BACKGROUND OF THE DISCLOSURE

The 3rd generation partnership project (3GPP) defines security requirements and test cases for network elements in the 5G security assurance specification (SCAS). As mentioned in technical specifications versions 33.515 and 33.513, unique security requirements are defined for the user plane function (UPF) and session management function (SMF) of the core network, respectively. These specific security requirements include security function requirements for UPF and SMF in the relevant specifications and the test cases related to the security requirements.

However, in the security test cases involving SMF and UPF in the above specifications, it is necessary to obtain SBI interface information and N4 interface information of the SMF. However, the SBI interface information and N4 interface information of the existing 5GC equipment vendors are not easy to obtain, making it difficult to complete the SMF and UPF security test cases to ensure information security.

SUMMARY OF THE DISCLOSURE

In response to the above-referenced technical inadequacies, the present disclosure provides an information security detection method and an information security detection device capable of implement partial SMF and UPF security test cases in a simple way.

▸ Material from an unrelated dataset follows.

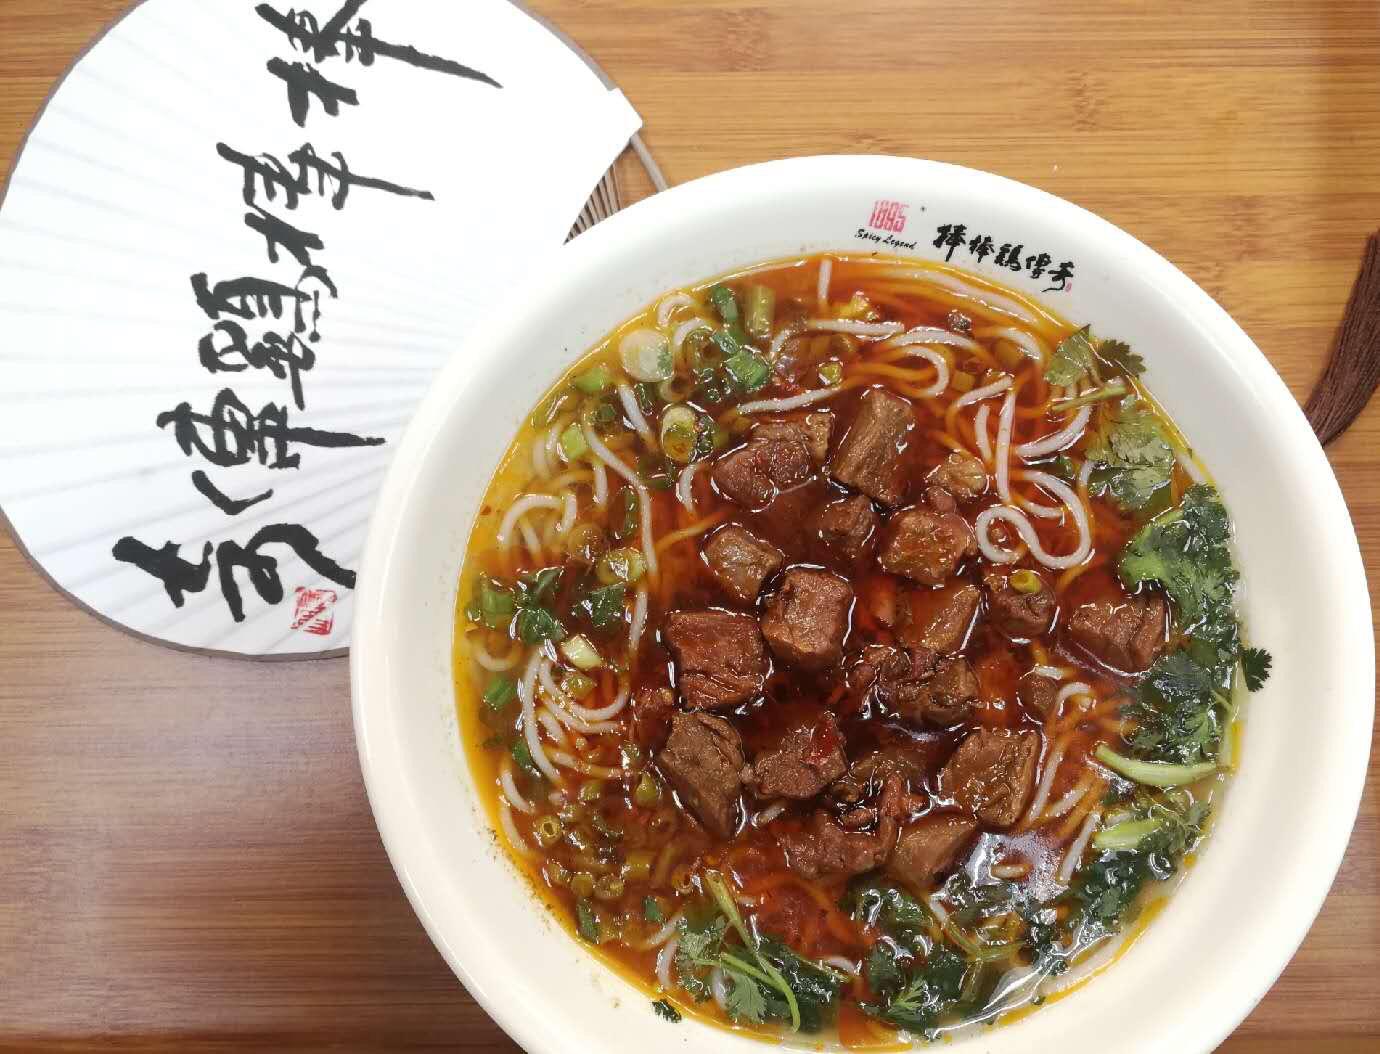 BBJ【棒棒鸡传奇】四川风味红烧牛肉米线 Rice Vermicelli Soup with Sichuan Style Braised Beef

In order to solve the above-mentioned problems, one of the technical aspects adopted by the present disclosure is to provide an information security detection method, applicable to executing following processes in response to a user equipment (UE), a base station and a core network establishing a connection: configuring the UE to transmit an uplink non-access stratum (NAS) transport message and a protocol data unit (PDU) session establishment request to the core network through the base station; configuring the base station to receive a first signaling and a second signaling from the core network through an N2 interface; capturing the first signaling by an information security detection device, and determining whether or not the first signaling contains a security indication information element (IE); and in response to the information security detection device determining that the security indication IE is contained in the first signaling, configuring the information security detection device to determine whether or not the security indication IE is consistent with a user plane (UP) security policy of a unified data management (UDM) entity of the core network, so as to determine whether or not a session management function (SMF) entity of the core network passes a first security test case.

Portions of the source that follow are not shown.